PROBLEM STATEMENT
Retype, word for word, every line of the records below starting at the one that contains "Ville de Sanya, île" and ending at the one that contains "Ice Creative Group"; include both of those lines and nothing more.

DATA PROVIDED
______

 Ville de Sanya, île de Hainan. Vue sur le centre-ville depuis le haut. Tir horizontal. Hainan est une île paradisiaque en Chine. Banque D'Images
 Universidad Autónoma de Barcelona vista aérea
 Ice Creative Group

______

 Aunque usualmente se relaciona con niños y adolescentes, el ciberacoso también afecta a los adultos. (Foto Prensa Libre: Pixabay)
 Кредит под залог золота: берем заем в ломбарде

______

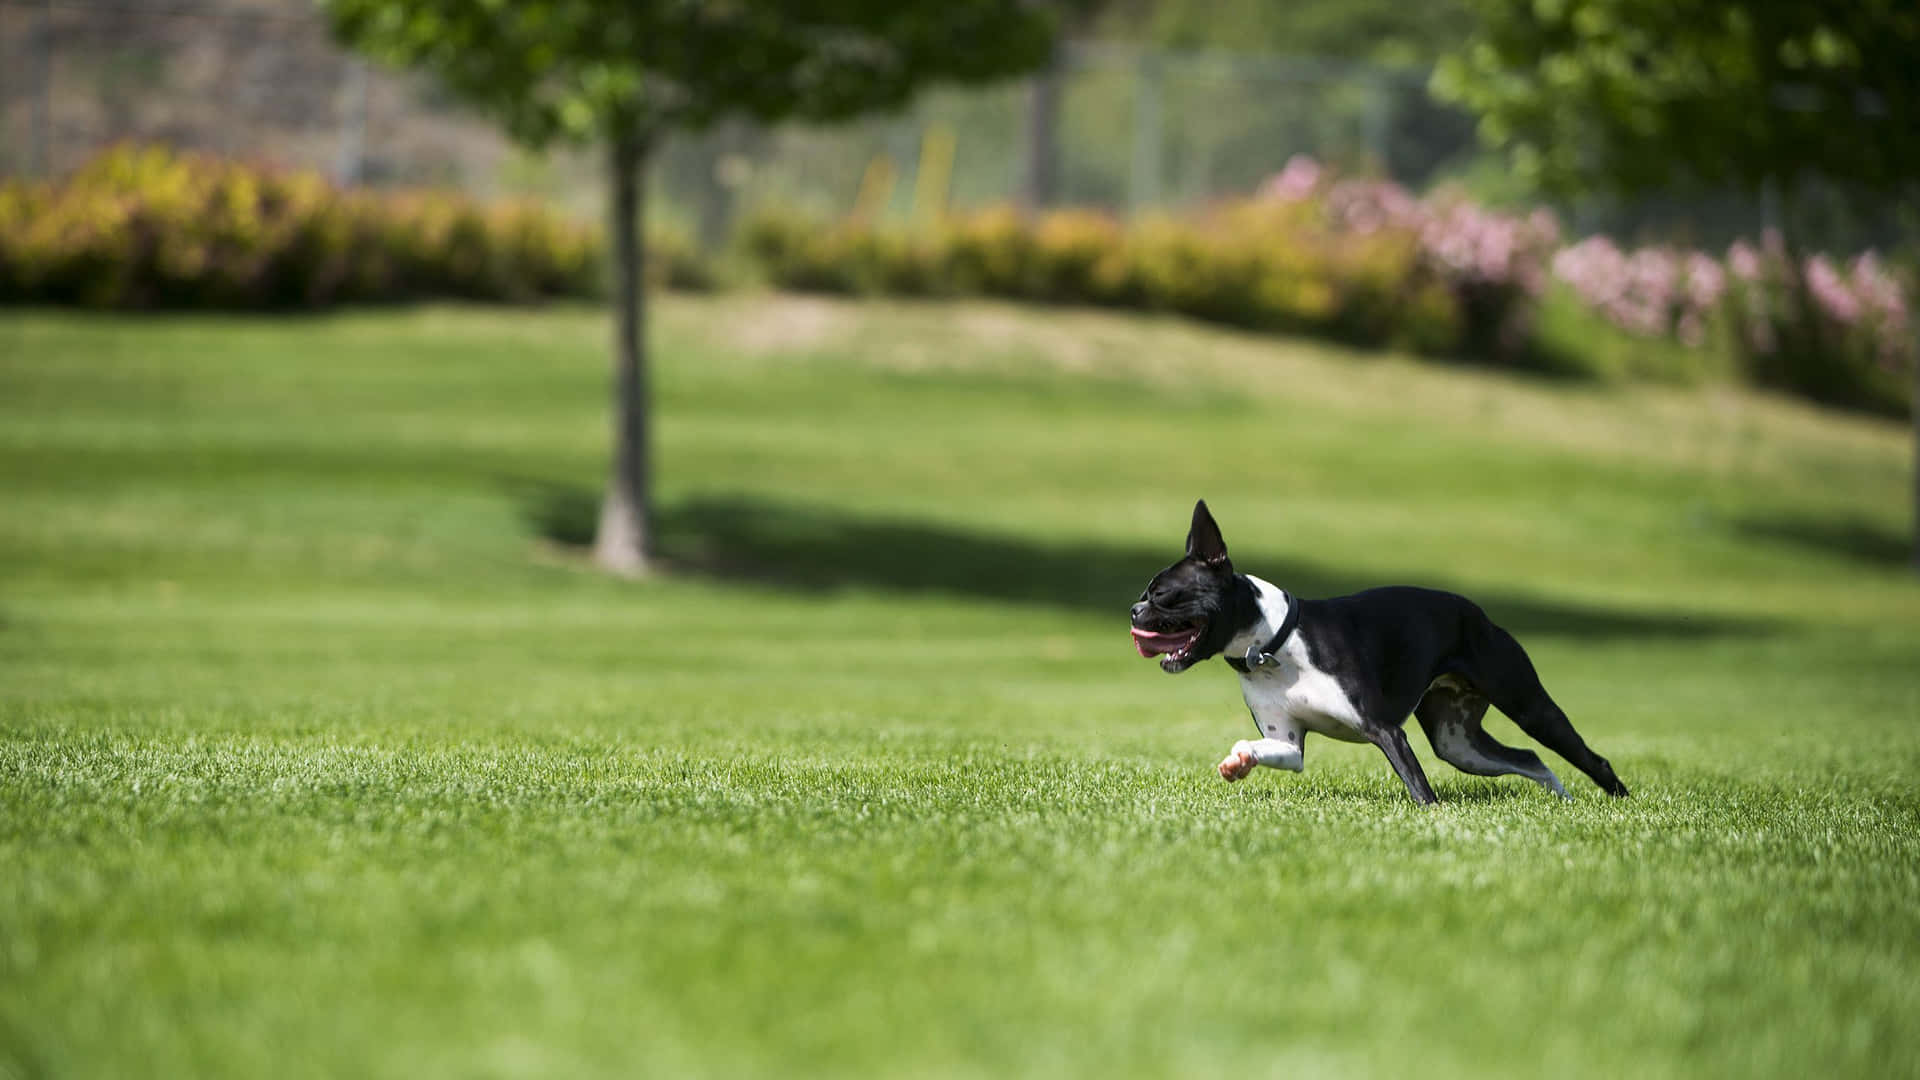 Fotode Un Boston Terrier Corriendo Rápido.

______

ANSWER SECTION
 Ville de Sanya, île de Hainan. Vue sur le centre-ville depuis le haut. Tir horizontal. Hainan est une île paradisiaque en Chine. Banque D'Images
 Universidad Autónoma de Barcelona vista aérea
 Ice Creative Group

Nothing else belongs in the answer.